"It was a pleasure," DiMartino said. "He was more my colleague than a student."
Before Illman gave his senior recital, DiMartino was nervous - both for Illman and for himself.
He had nothing to worry to about. Illman delivered a great performance.
"I was feeling pretty good about myself," DiMartino said. "Not knowing that would be one of the best performances a student of mine would ever give."
Still, Illman's success inspired DiMartino.
"I was lucky that I had a student like Rich," DiMartino said. "That (performance) really got me excited about teaching. It seemed like I was helping him."
And Illman was helping DiMartino, too.
DiMartino was a newcomer to Lexington, and he did not know anyone in the area.
Whether they were having dinner or playing Scrabble, Illman's family made DiMartino feel at home.
"When I first moved here, I didn't have too many places to go," DiMartino said. "His family sort of took me in, and they were one of the reasons I decided to stay in the area."
But those Scrabble games were still intense, Illman said.
"Vince is a competitor," he said. "He wanted to win every time, and he was frustrated if he couldn't get 20 points with every word."

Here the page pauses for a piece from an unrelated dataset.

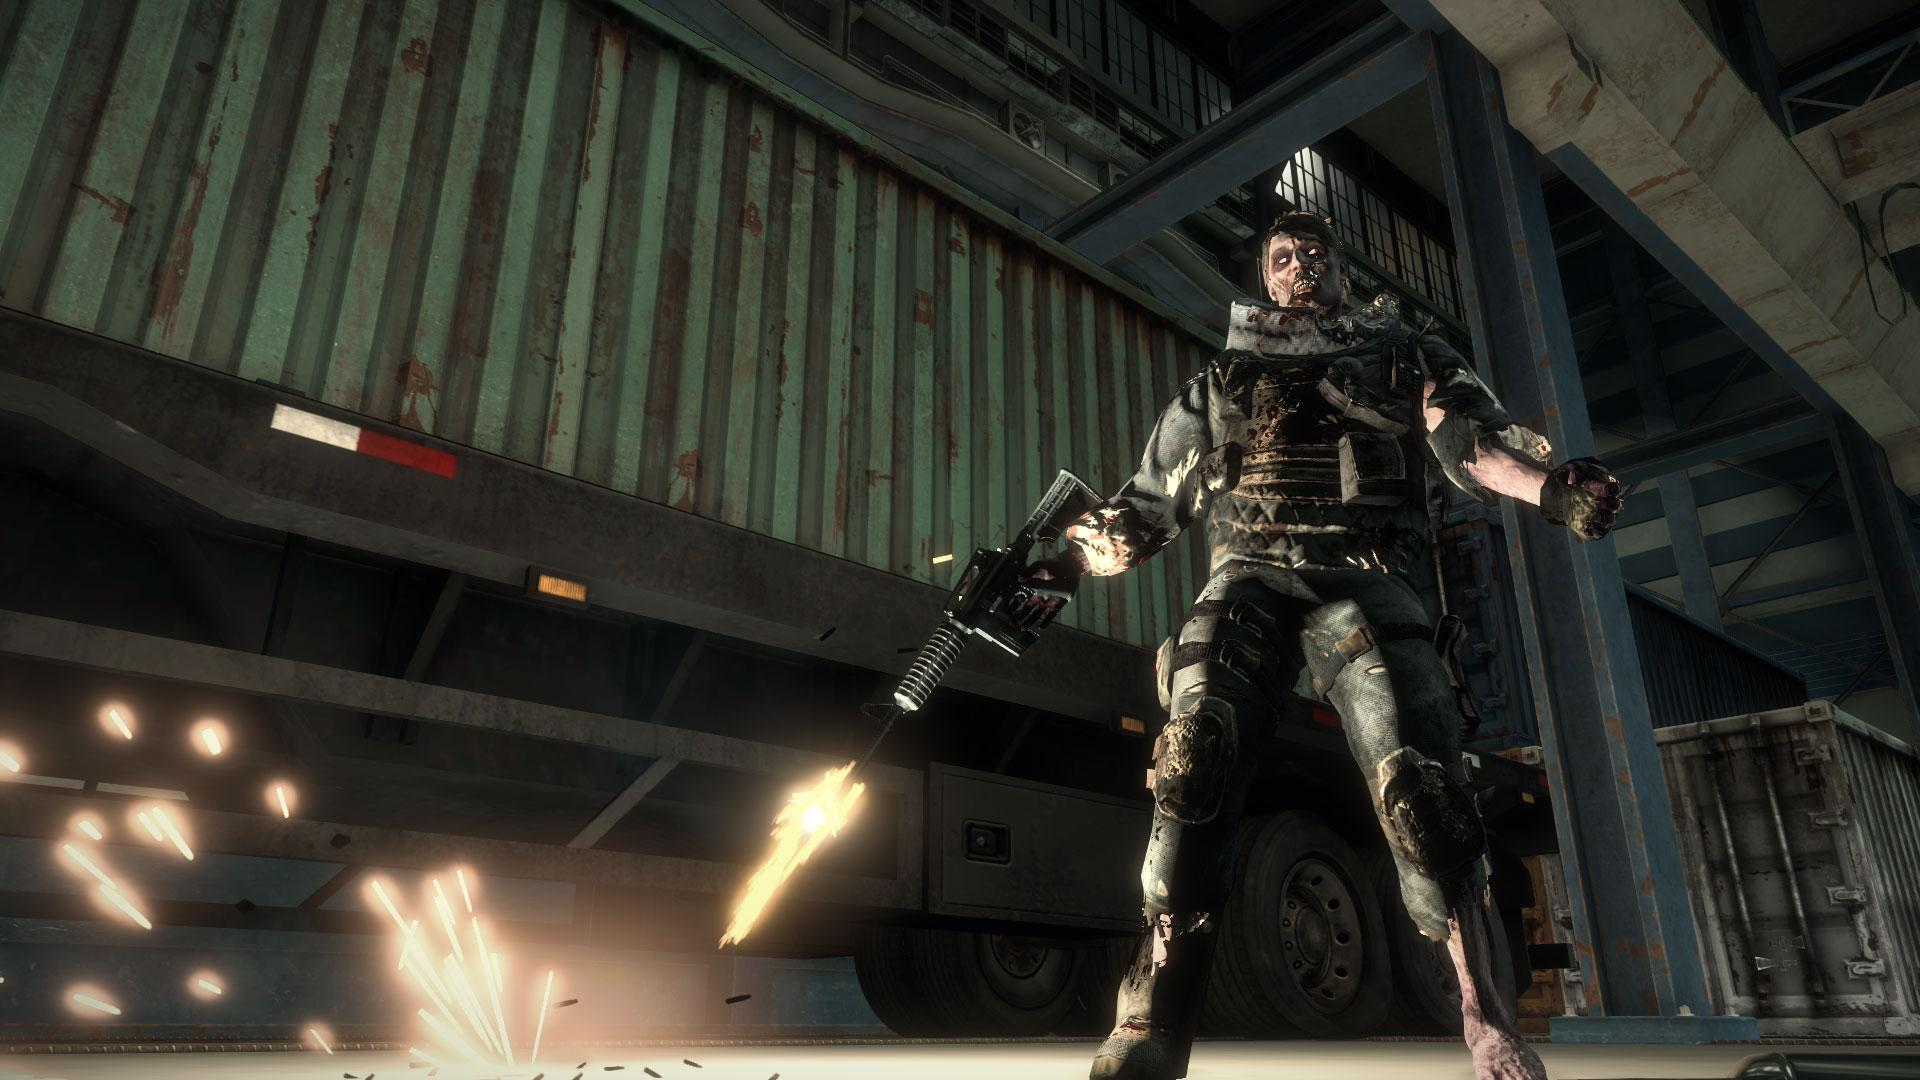 DeadRising3-OperationBrokenEagle Xbox One Editeur 007

Illman is now a professor at Michigan State
After college, Illman went into teaching. He filled in for DiMartino during DiMartino's sabbatical before moving on to Eastern Kentucky University, where he taught for 12 years. Illman is now in his 14th year at Michigan State University as the associate professor of trumpet.
DiMartino came to Centre College in 1993 and was named W. George Matton Professor of Music in 1996. Despite the distance separating them, Illman and DiMartino have remained close by playing together as often as they can.
"We've just kind of stuck together," Illman said.
In addition to the festival, the two have played together in the Millennium Brass Quintet, the Brass Band of Battle Creek (Mich.) and more they can't remember.
"We've played just about everything together, from big bands and recitals to church things," DiMartino said. "We love playing together, whatever we are playing in, because it is a chance for us to talk and to appreciate one another."
When they cannot play together, they share advice about teaching music in e-mails or phone calls.
"We help each other out as much as we can," DiMartino said. "He's come and done master classes at Centre for me, and I've gone and done master classes at Michigan State for him."
"We do master classes back and forth. He reminded me the other day that it's my turn," Illman said.
When asked to describe the other, each comes up with the same adjectives - enthusiastic, creative, curious.
"Rich is truly one of my best friends," DiMartino said. "We fit together really well."